Feature Specification: Direct Database Access for Scripts

Feature Branch: 002-direct-db-access Created: 2026-01-08 Status: Draft Input: User description: "Create a new feature that allows for scripts to directly query the schedule loaded into the database. The mcp endpoint should be used to load the xer file to a database. The response should provide the necessary information for a script to then access that database directly to perform queries. The intent is to minimize the costly and time-consuming workload on the LLM for large data processing."

User Scenarios & Testing (mandatory)

User Story 1 - Load XER to Persistent Database (Priority: P1)

As a developer building schedule analysis scripts, I want to load an XER file into a database that persists beyond the MCP session so that my scripts can query the data directly without going through the LLM.

Why this priority: This is the foundation of the feature - without a persistent database, scripts cannot access the data directly. This enables the primary use case of offloading large data processing from the LLM.

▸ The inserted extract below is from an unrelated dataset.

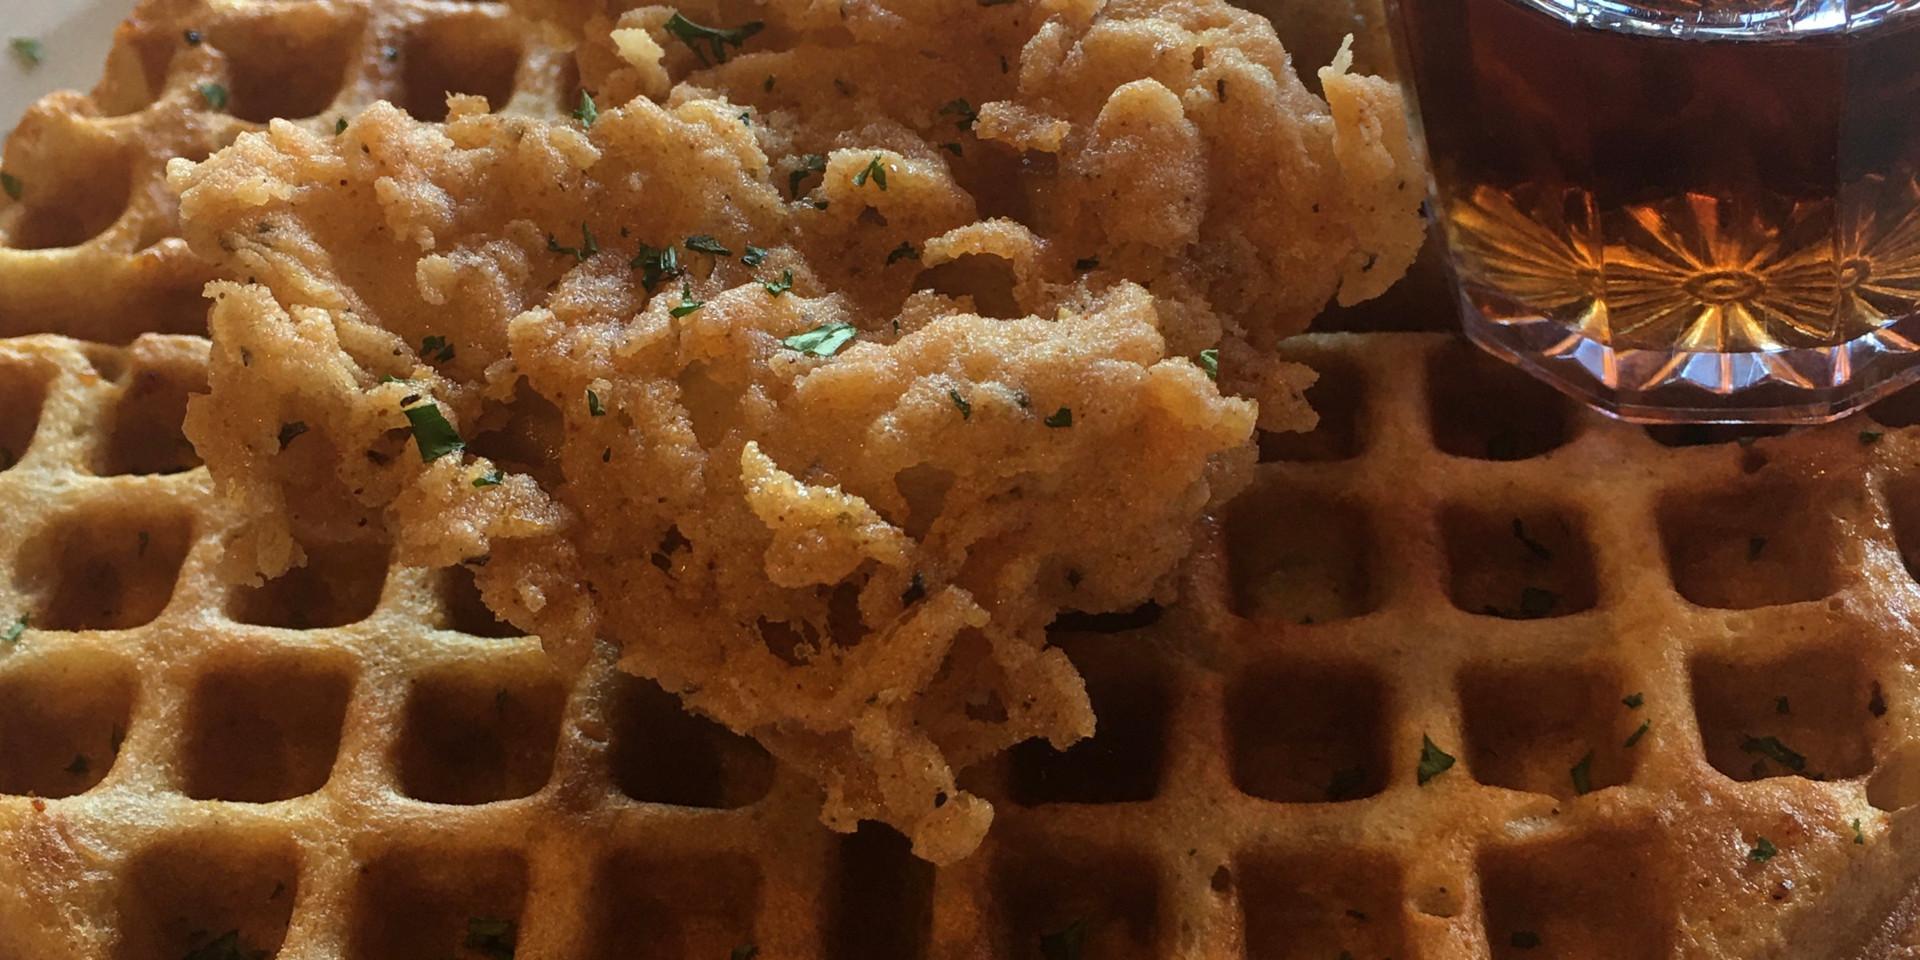 G/F Chicken & Waffles

Independent Test: Can be tested by calling the load endpoint and verifying the database file is created at the returned path with the expected schema and data.

Acceptance Scenarios:

  1. Given a valid XER file path, When I call the load-to-database endpoint, Then the system creates a SQLite database file at a predictable location and returns the database file path
  2. Given an XER file is loaded to database, When I examine the database file, Then it contains all activities, relationships, WBS elements, and project data from the XER file
  3. Given a database was previously created for an XER file, When I load the same XER file again, Then the existing database is replaced with fresh data
  4. Given an invalid or non-existent XER file path, When I call the load-to-database endpoint, Then I receive a clear error message and no database file is created

User Story 2 - Retrieve Database Connection Information (Priority: P1)

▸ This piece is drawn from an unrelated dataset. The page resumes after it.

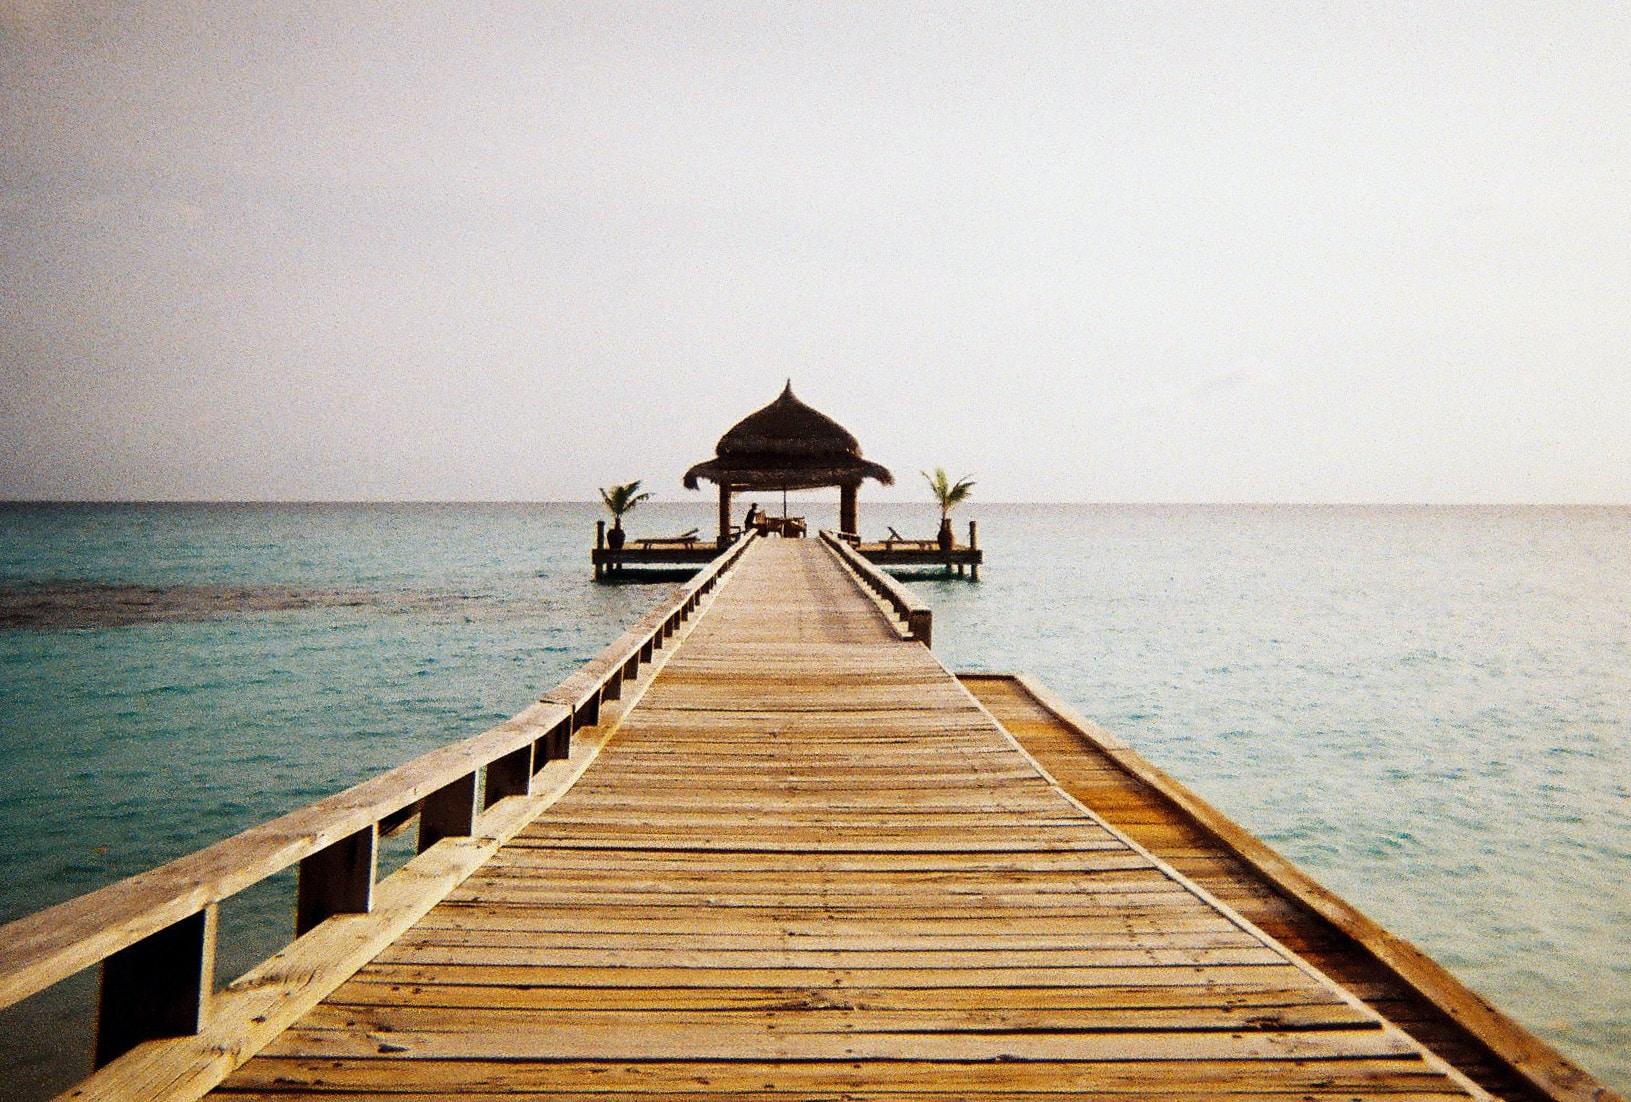 brown wooden walkway on body of water

As a developer, I want the load response to include all information needed to connect to and query the database so that I can immediately start writing queries in my scripts.

Why this priority: Without connection information, developers cannot use the database even if it exists. This is equally critical to the first story.

Independent Test: Can be tested by using the returned connection info to successfully open and query the database from an external script.

Acceptance Scenarios:

  1. Given a successful XER load to database, When I receive the response, Then it includes the absolute path to the database file
  2. Given a successful XER load to database, When I receive the response, Then it includes the database schema description (table names and key columns)
  3. Given the returned database path, When I connect to it from a Python/SQL script, Then I can successfully query activities, relationships, and other schedule data

User Story 3 - Query Database Schema Information (Priority: P2)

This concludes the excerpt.